I knew going into it this was foolish. But there were deposits to be made. A holiday weekend looming.
The drive thru was packed, a condition that occurs when two cars occupy the queue for the one vacuum tube. I drove around the building and parked in a narrow spot in the horridly ill conceived parking lot that serves our local PNC. Inside, all of the tellers were busy, but I was the only one in the line. I stood for just a moment when a teller, freshly returned from lunch, slid open her window and said, "I can help you."
She was in a really good mood. She smiled and told me to be sure to get some of the blue and red sugar cookies the bank was giving out for Memorial Day. "No thank you," I said. "I baked chocolate chip cookies yesterday and I'm over my limit for eating cookies."
We chatted about baking. When the transaction was complete she handed me the receipt and reached over the divider to shake my hand as we said goodbye.
It was the very nicest trip to the bank ever.
|Me and my Volkswagen Golf Alltrack. Her name is Allie. I think she's nice. For all I know, she thinks I'm a butt-head.|
I carefully checked behind me. No cars were visible so I eased out into the narrow aisle between two rows of parked cars. I reached down to shift into drive when I heard:
"Get out of my way you ASSHOLE!"Now, I'm not 100% sure about the first part of the woman's statement. Only the a-hole bit was clear. How loud was this women yelling that I could hear her with my windows closed? At any rate, she was there now behind me, impeded by my Volkswagen, and miserable. Alone in my car I said out loud, "Did she just swear at me?" And the elderly woman that lives inside me, the one that sits on the porch and yells at cars driving too fast around the cul de sac, came out. "You're going to get to see my parking lot speed," I said.
Apparently, I talk to myself a lot when strangers are yelling at me.
I let the car creep out of the parking lot. I did a full two second stop each of two stop signs before turning onto the bank's access road. Still creeping. 5 mph. The woman, Captain Potty Mouth, drove her baby poop brown Hyundai Santa Fe two inches off my bumper and blared her horn. It was that angry, constant horn honk that only completely enraged drivers can produce.
I made a right on red at the traffic light. I could have waited for it to turn green, but I didn't want to see the woman completely melt down. Freed from the constraints of being stuck behind me on a two lane road, the woman sped by. She shot between two cars slightly staggered in front of her and promptly came to a stop at the next traffic light. It was 500 feet of pants-on-fire reckless driving. She got absolutely no where.
While recounting this story to my family at dinner, I hypothesized that people hate my new car. I've had it for three months now and the count on rude gestures, horn honks, and audible expletives now stands at almost a dozen. And I'm not logging a lot of miles in the thing. It seems unlikely that my driving has degraded suddenly. Some of the honking and gesturing happened while my husband was driving. So the only difference, save the passage of time, is the car.

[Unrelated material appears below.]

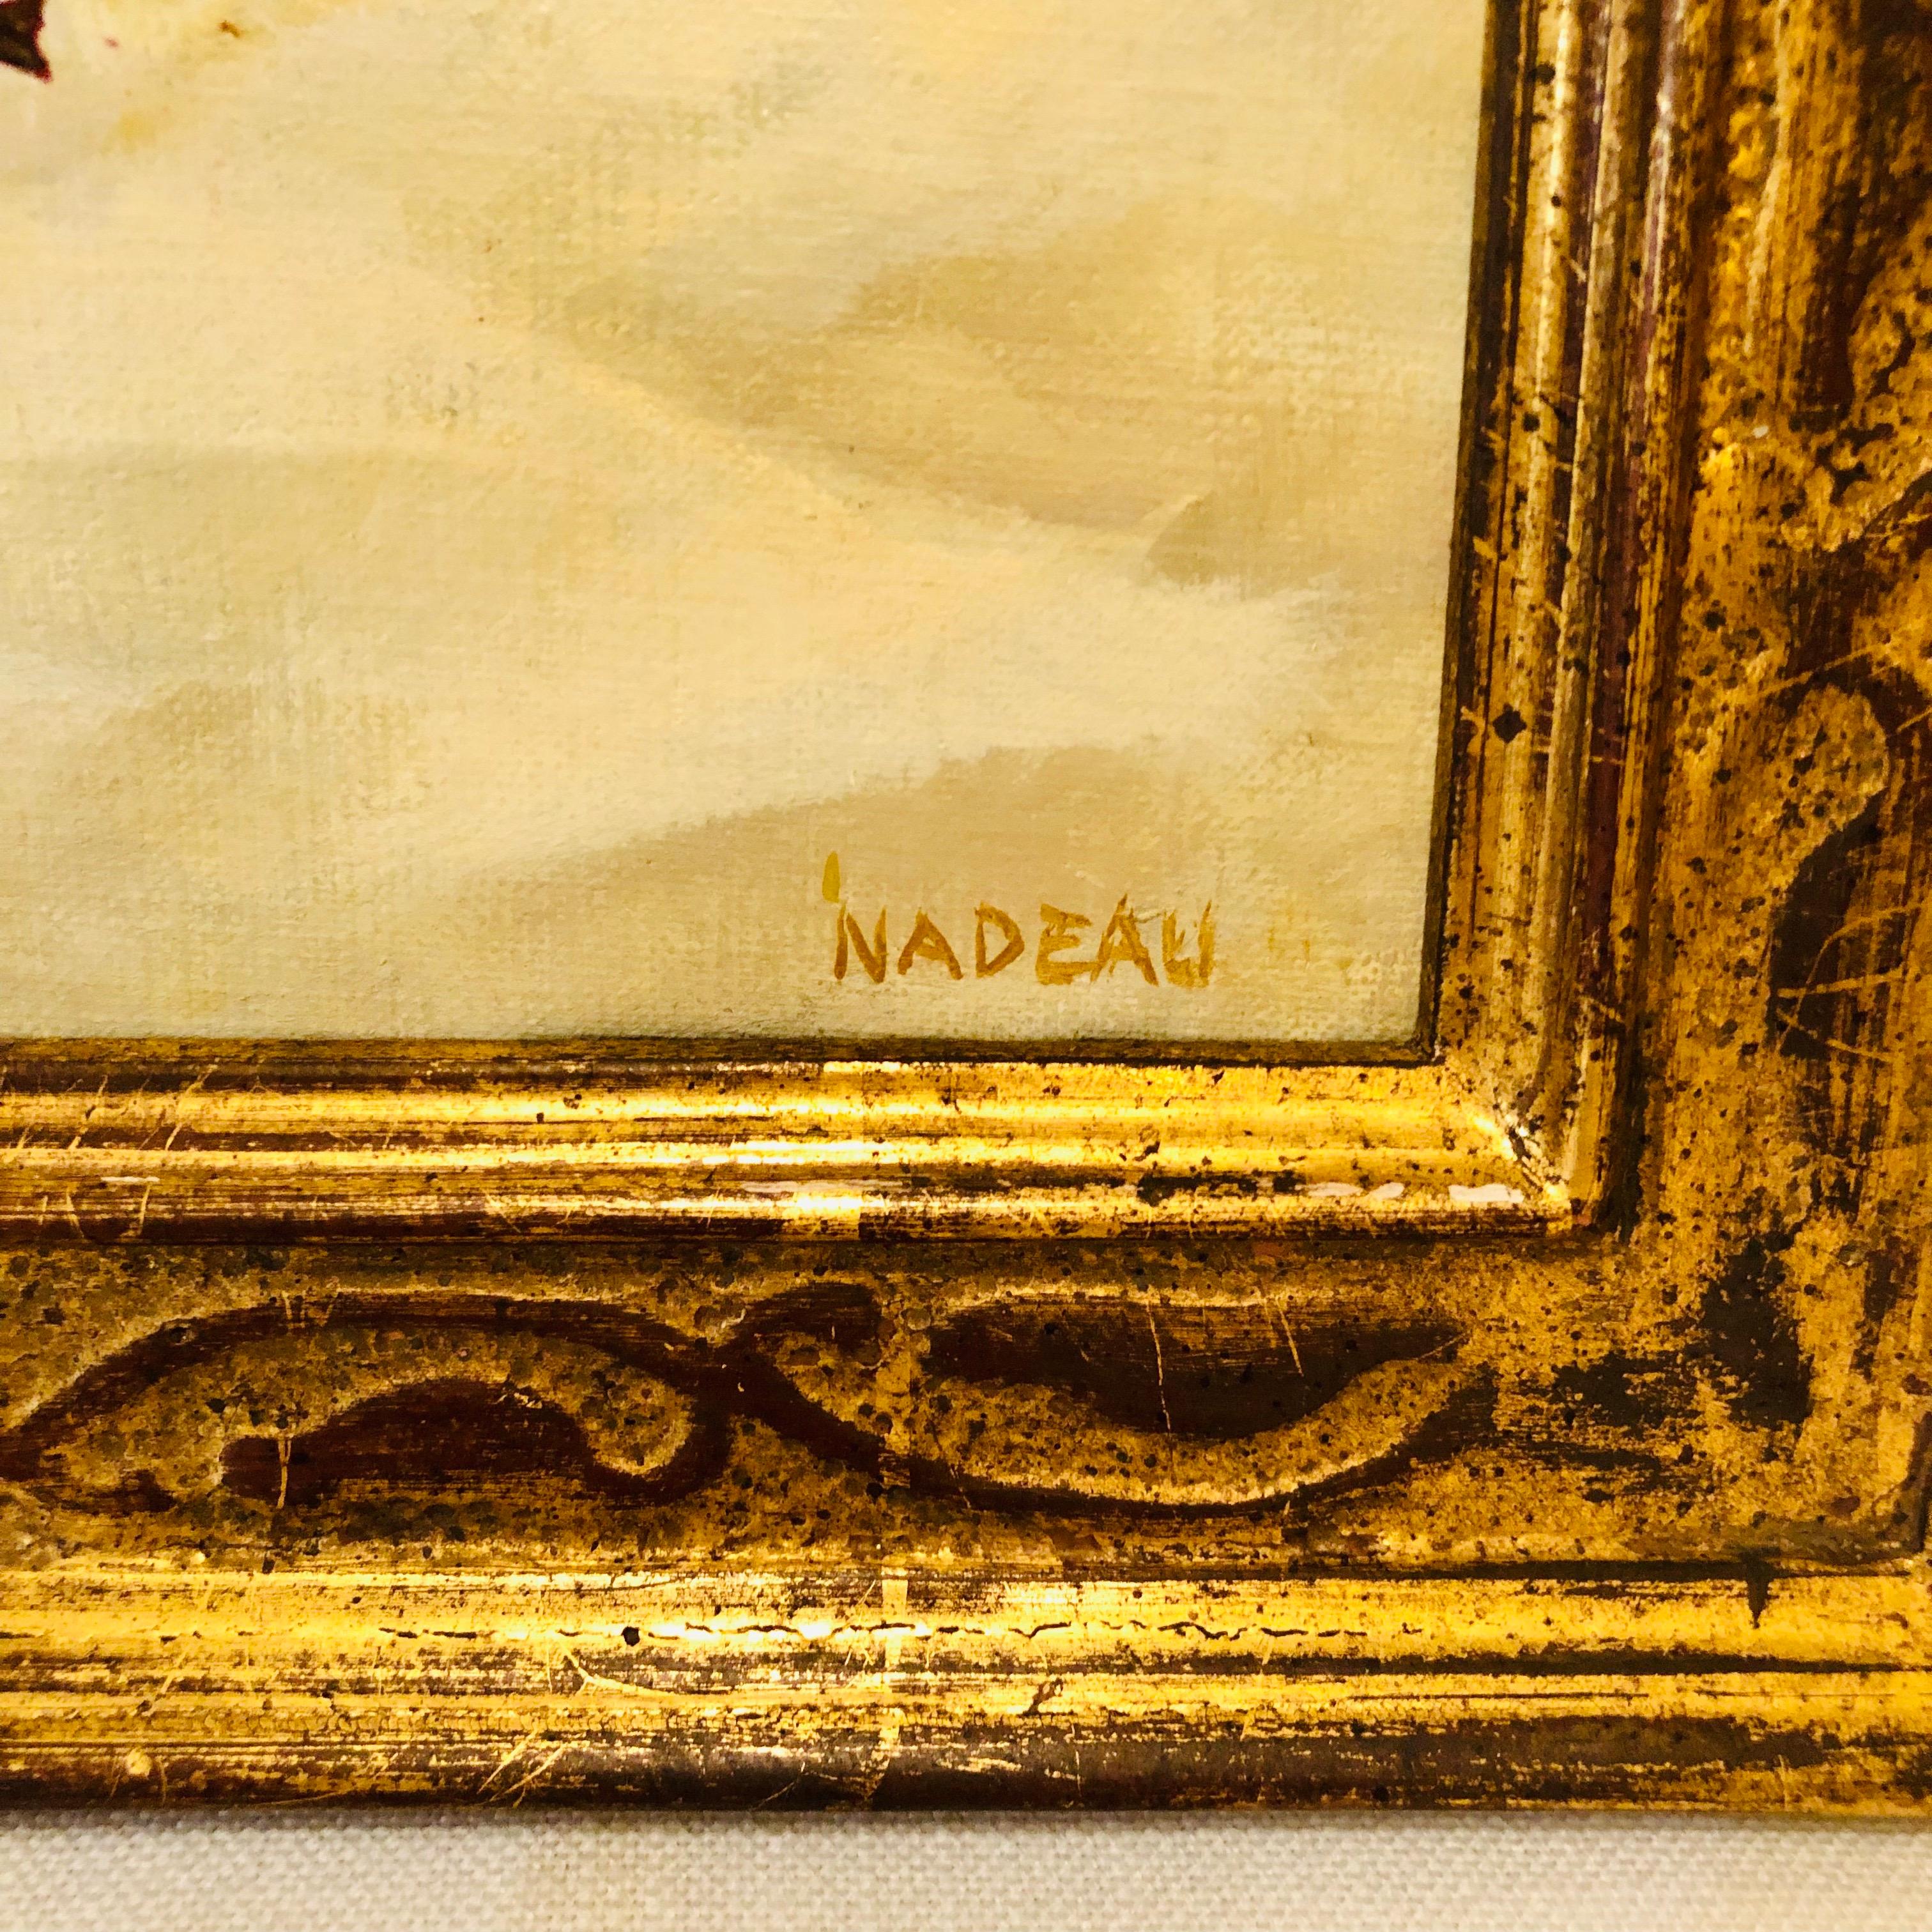 Oil on Canvas Painting of Pears and Other Fruits in a Gold Frame Signed Nadeau 8

"I blame the smart phones," my daughter said. "The lady was probably in a hurry to get somewhere so she could sit in a waiting room and look at her phone."
"Maybe she'd just robbed the drive thru," my husband said. "You said she was driving it 'like it was stolen.'"
But I think people are just angrier than they've ever been before. Type "are people getting angrier" into Google. Google says simply: yes.
Not really, but there are a host of articles about the reasons Americans are so angry. One on the Huffington Post says people are angry because of their smart phones. My 12-year-old is a genius!
After an extensive minute and a half of research, I didn't turn up any articles that specifically referenced VW automobiles as a root cause of American rage. That's a relief.